##### Provided data
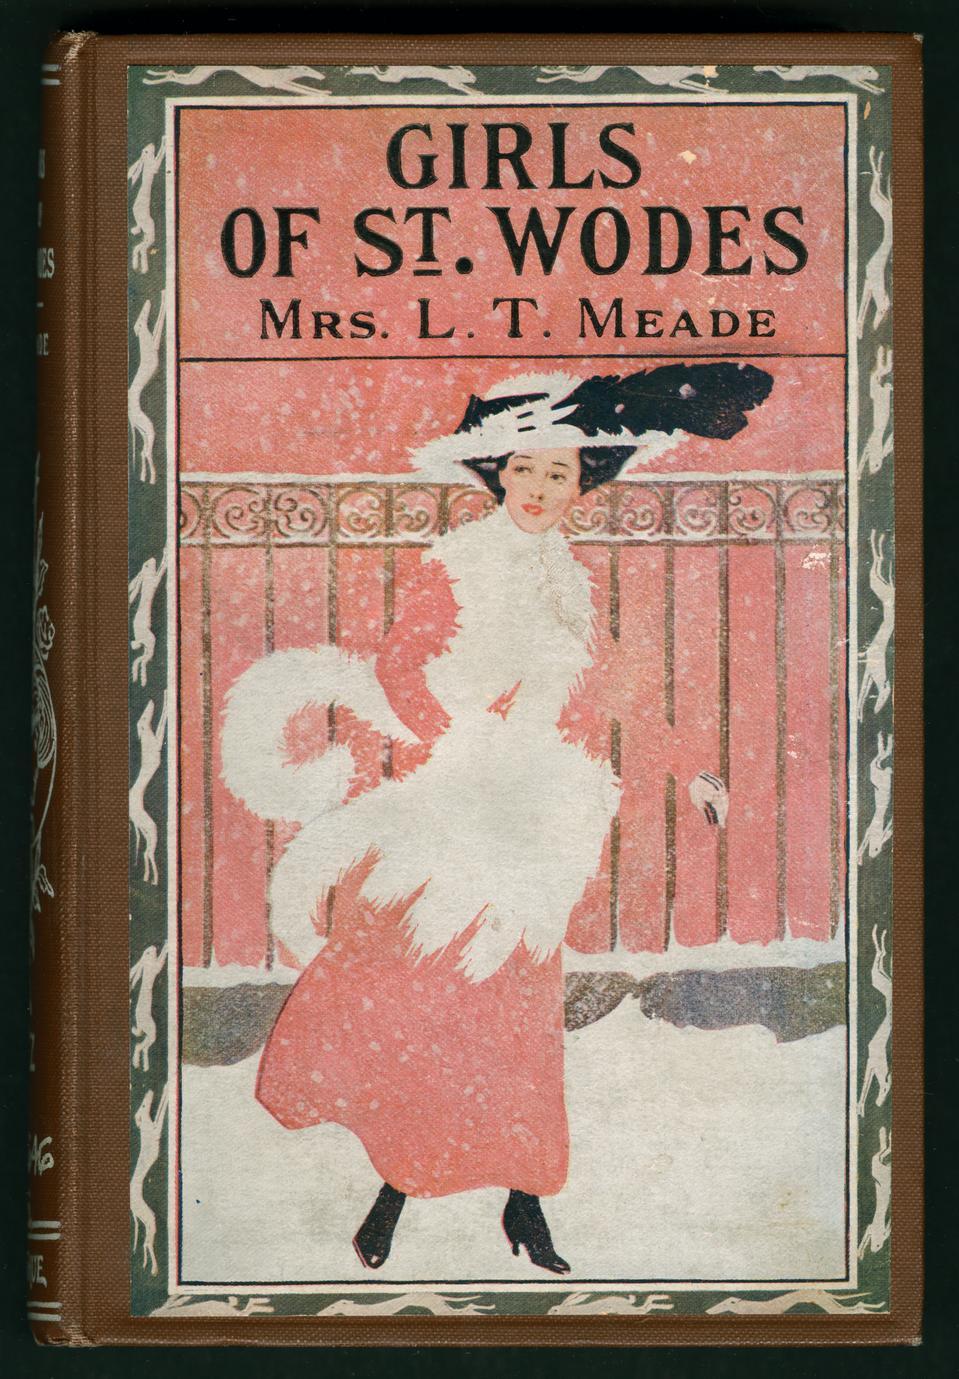 The girls of St. Wode's (1 of 2)
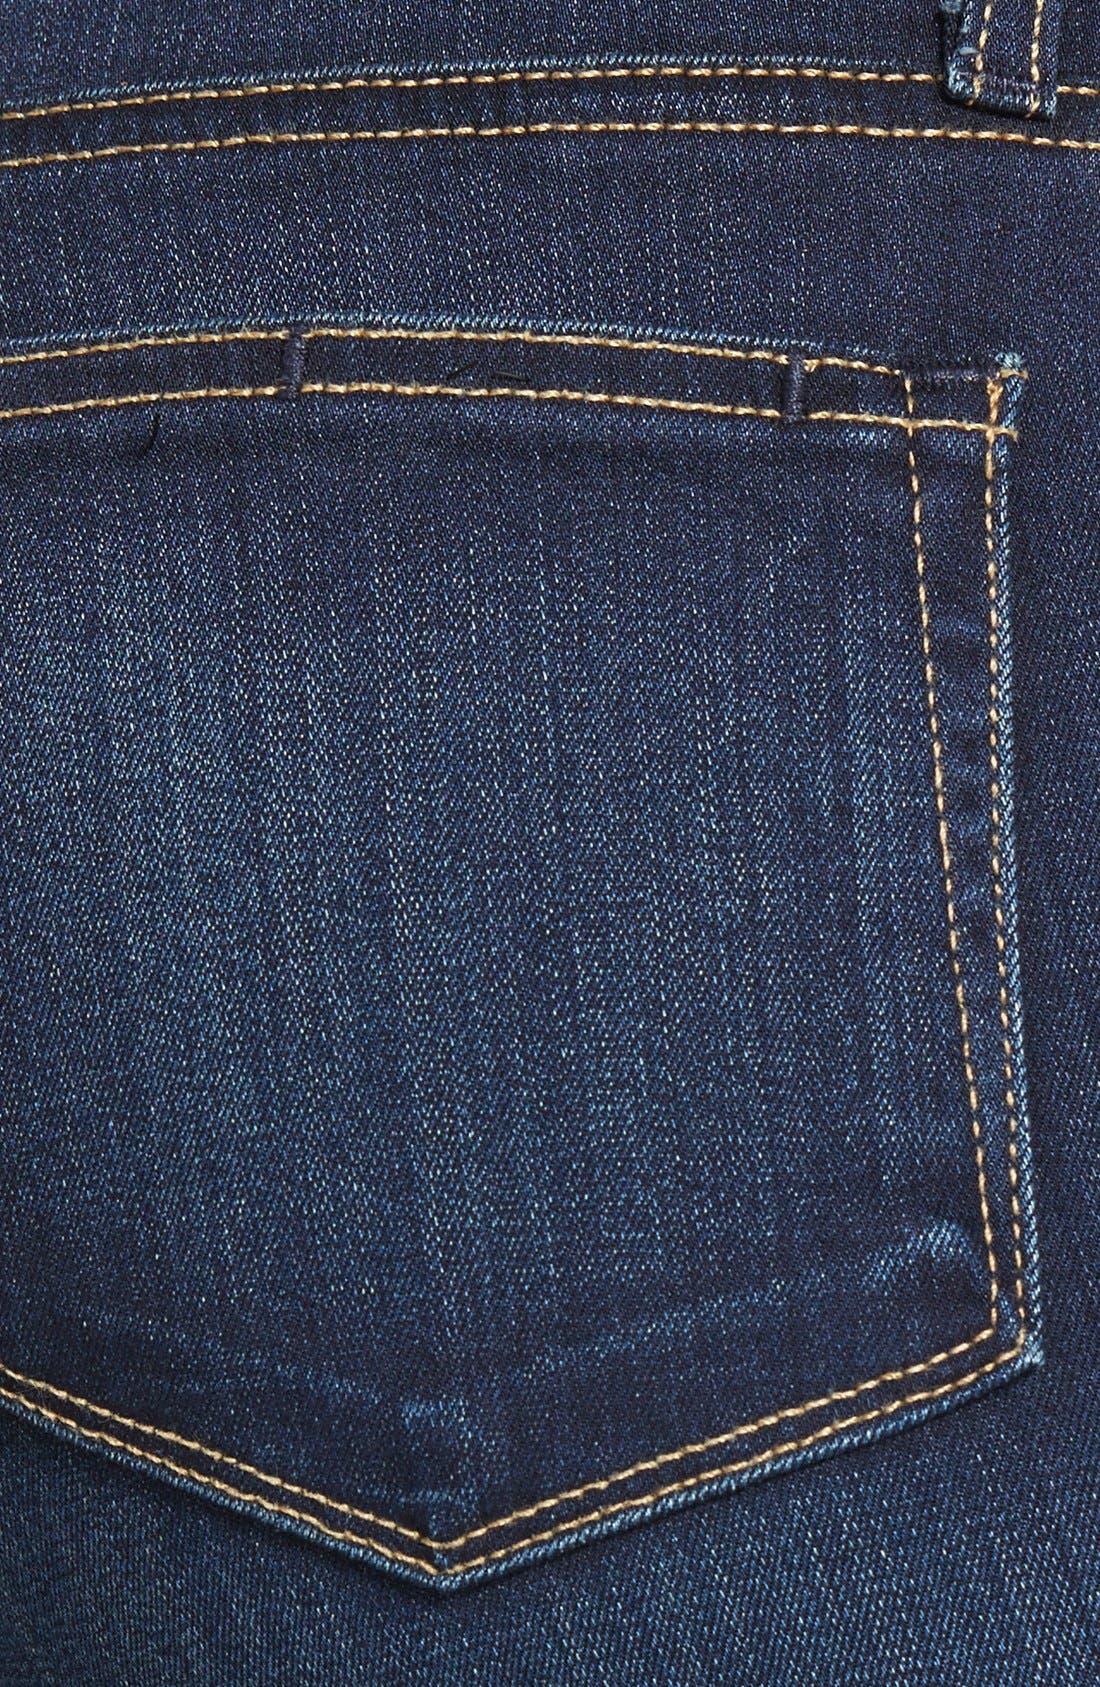 Alternate Image 3  - PAIGE Transcend - Hoxton High Waist Skinny Jeans (Vista)
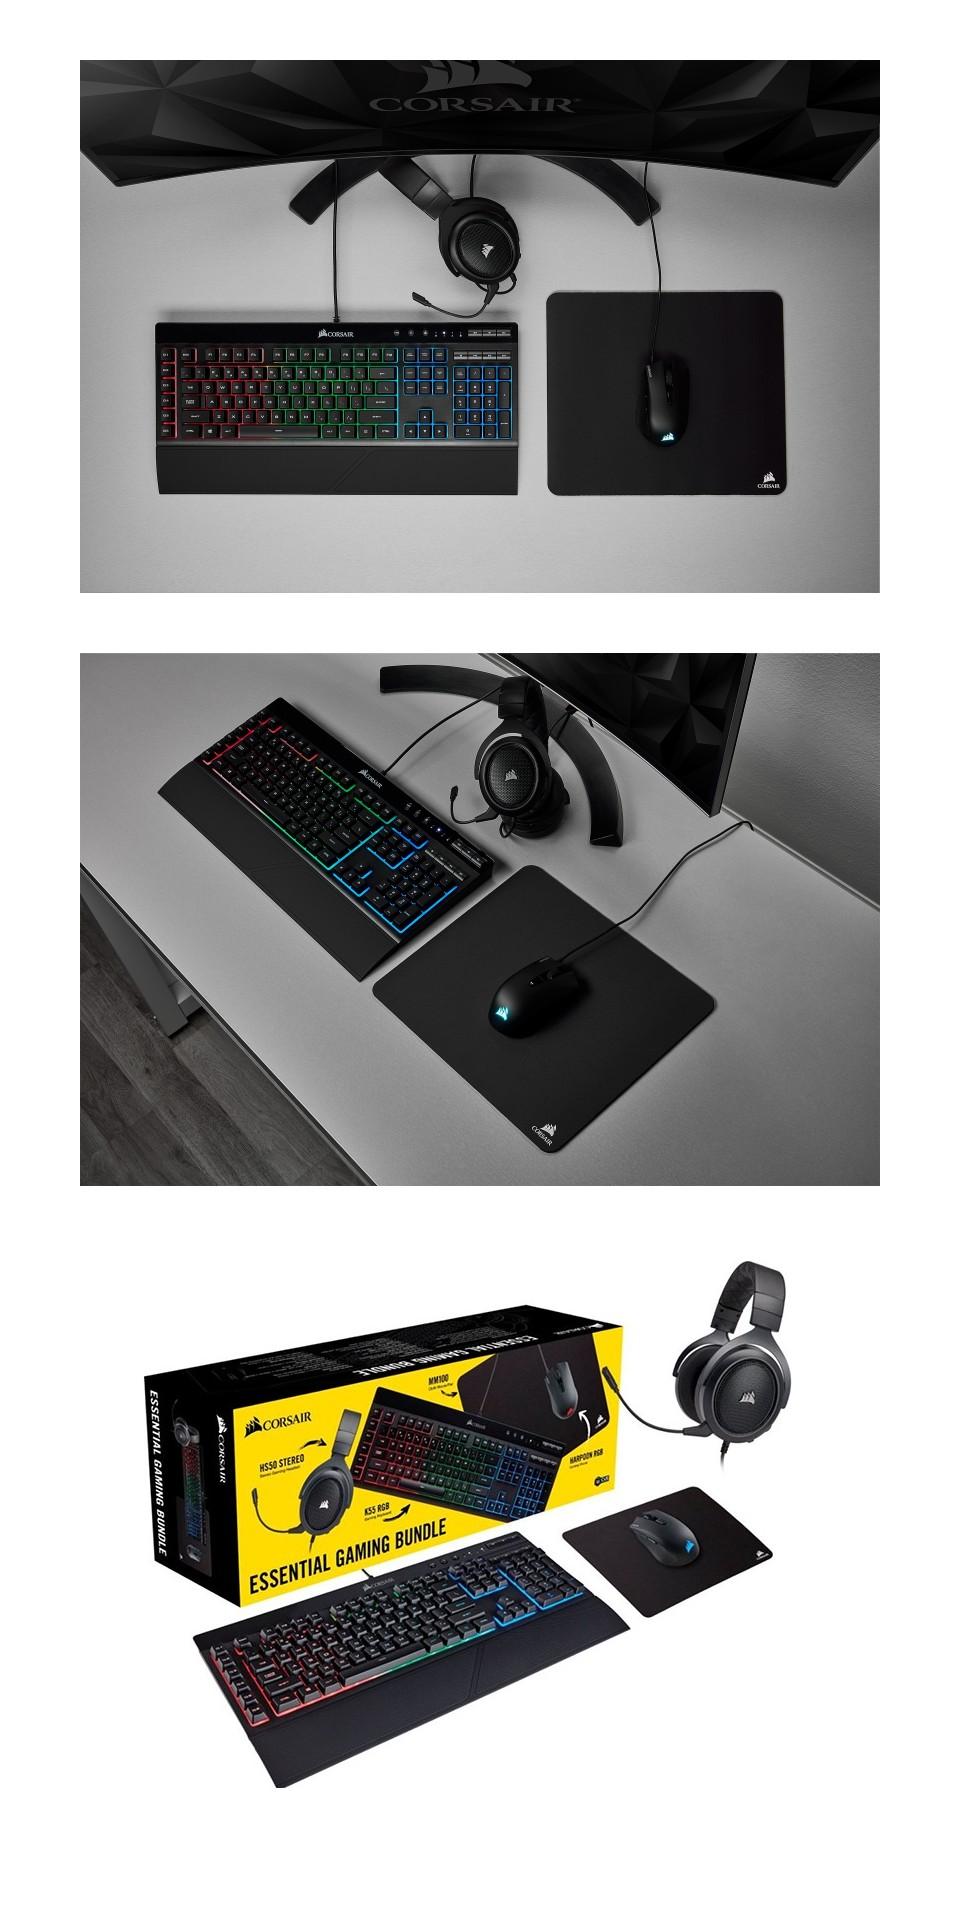 Corsair 4 in 1 Essential Gaming Bundle product
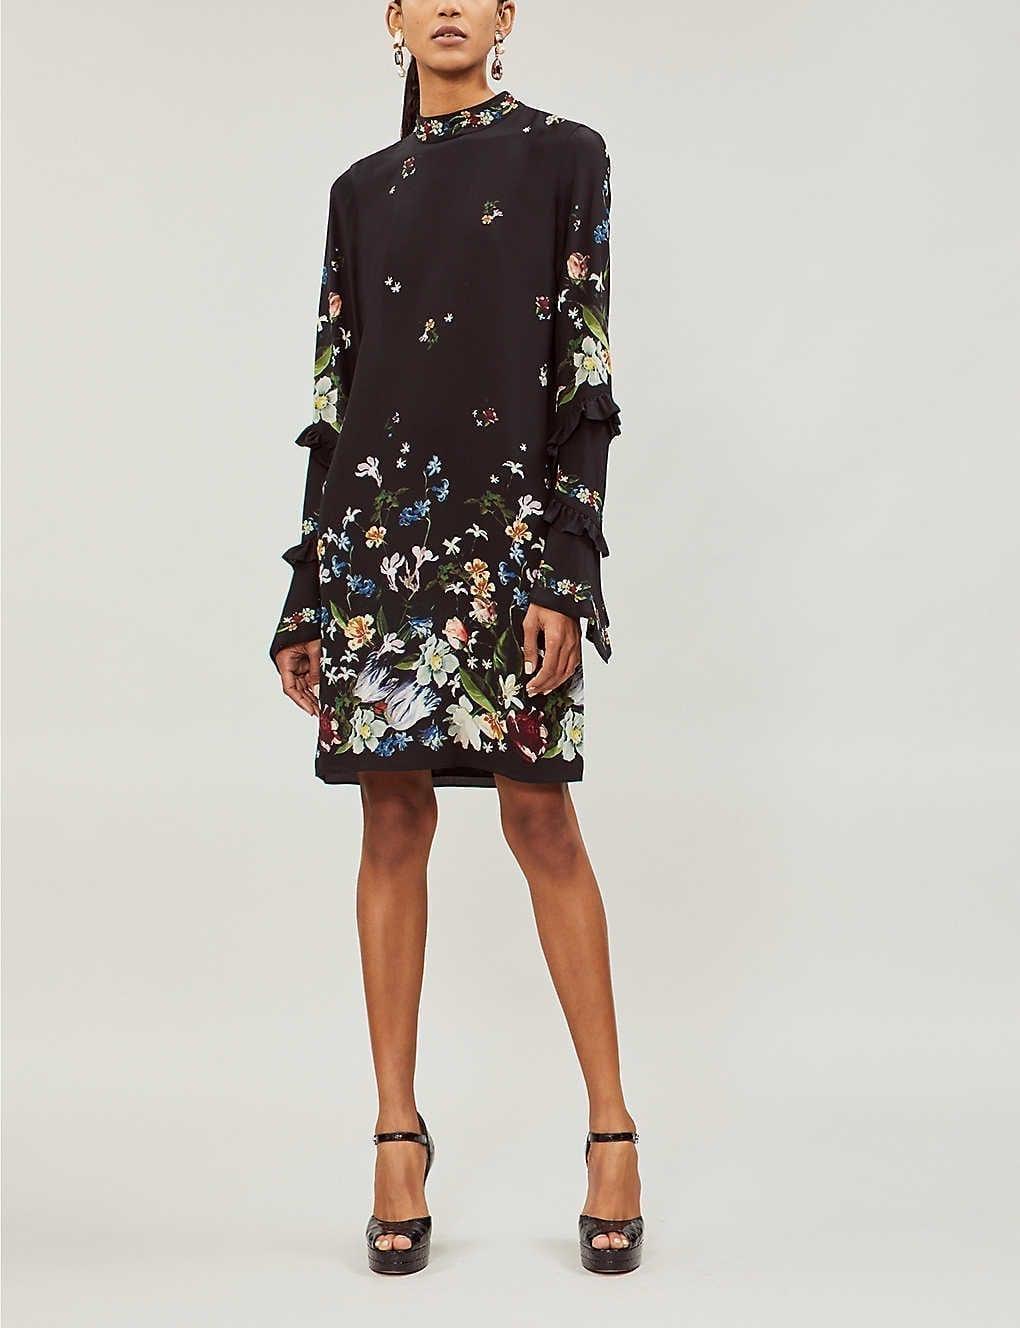 Erdem Manon Silk-crepe Black Dress
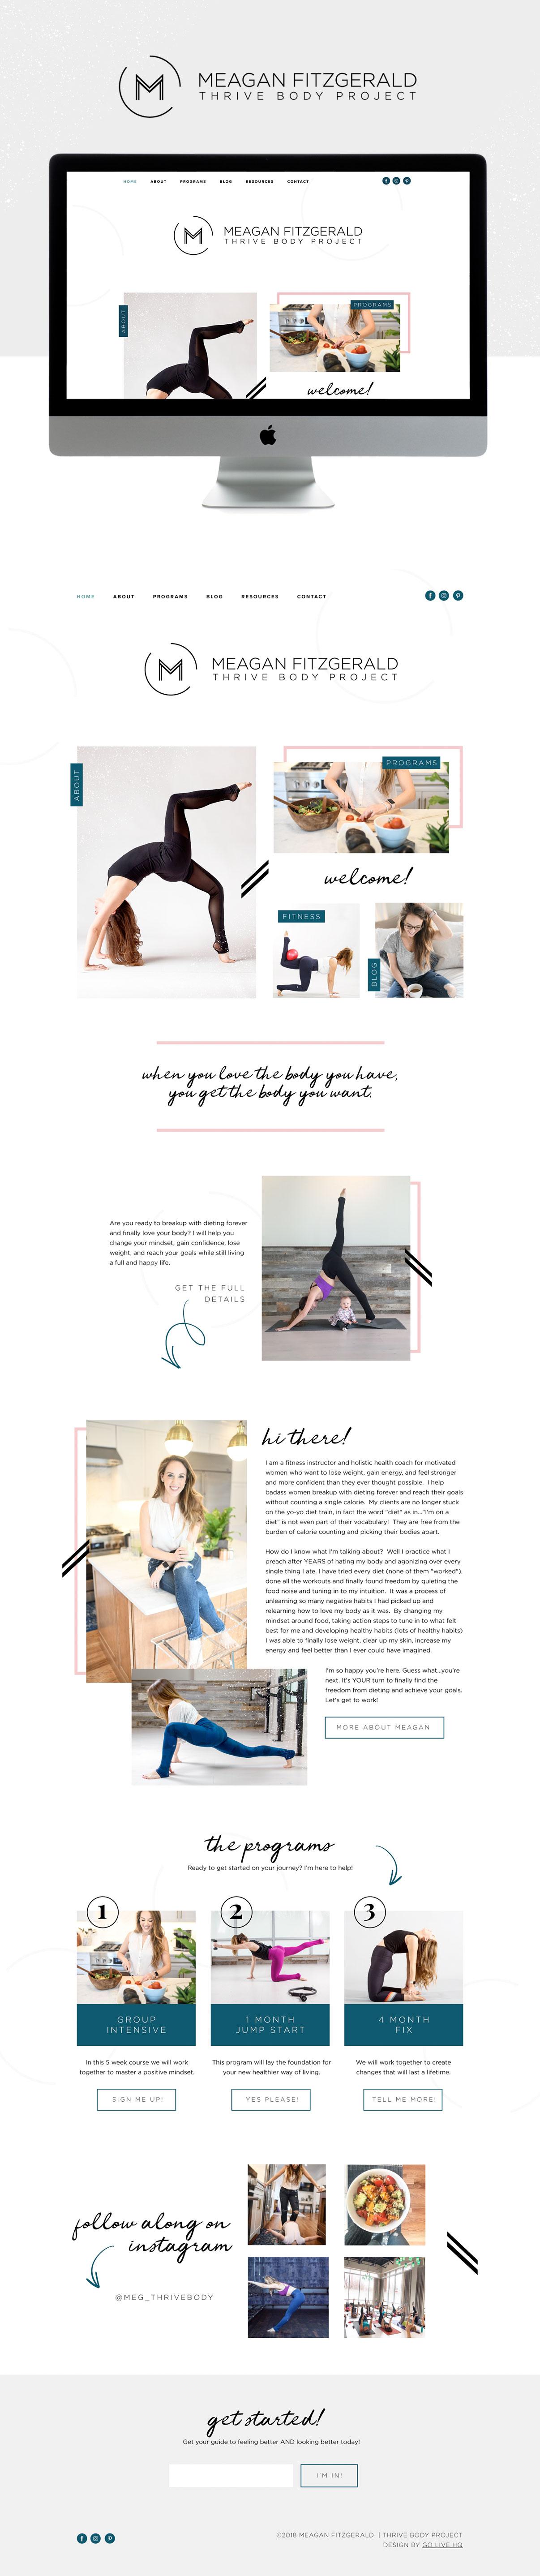 Creative Website Design for Health and Wellness Blog | Website Design by Go Live HQ
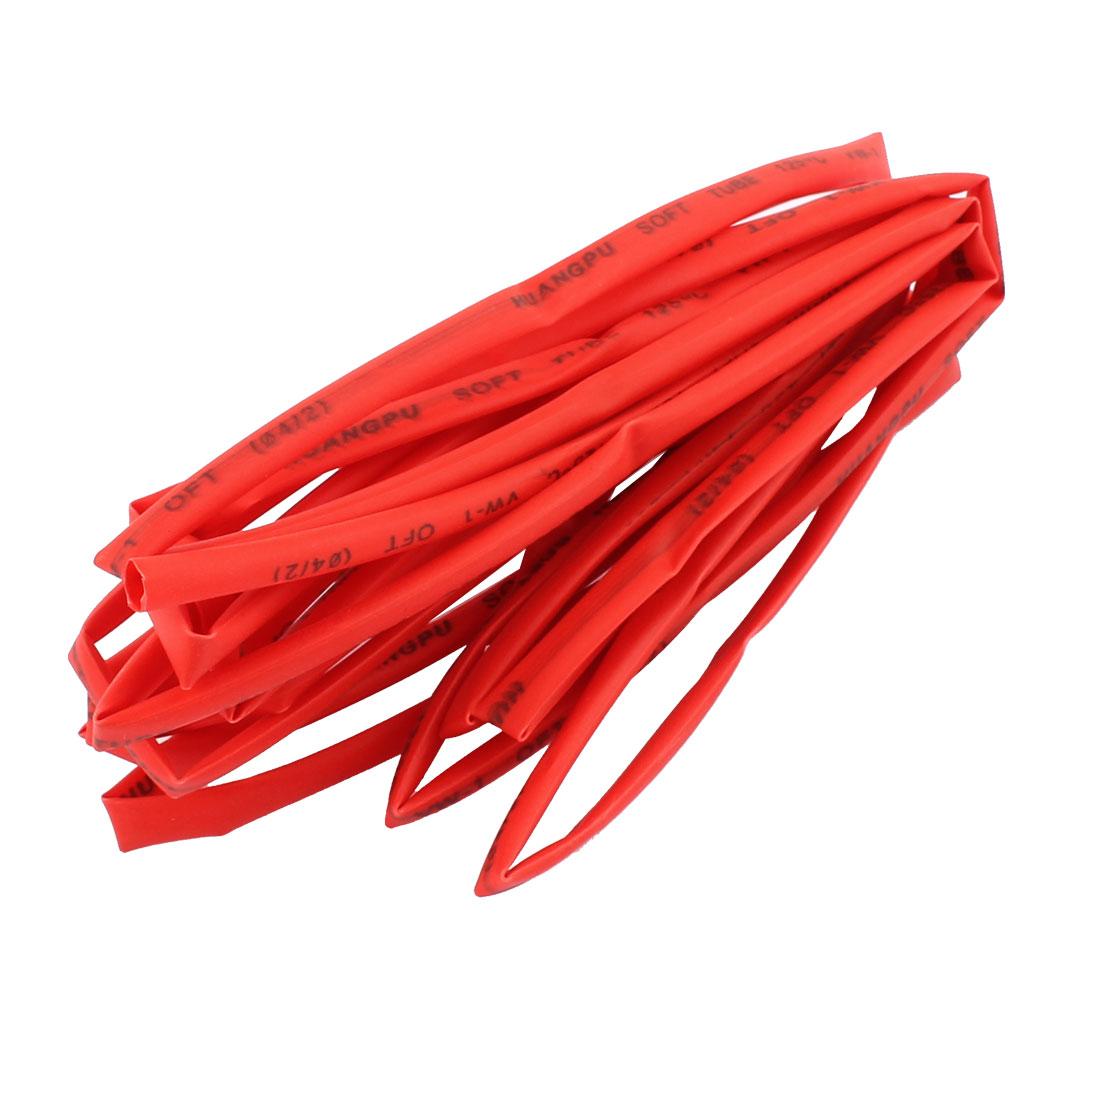 4M Length 4mm Dia Polyolefin Heat Shrinkable Tube Sleeving Red
##########
- Aim of the exercise
Repeat, word for word, each of the records, omitting any image they hold.

- Response to the task
 The girls of St. Wode's (1 of 2)
 Alternate Image 3  - PAIGE Transcend - Hoxton High Waist Skinny Jeans (Vista)
 Corsair 4 in 1 Essential Gaming Bundle product
 Erdem Manon Silk-crepe Black Dress
 Creative Website Design for Health and Wellness Blog | Website Design by Go Live HQ
 4M Length 4mm Dia Polyolefin Heat Shrinkable Tube Sleeving Red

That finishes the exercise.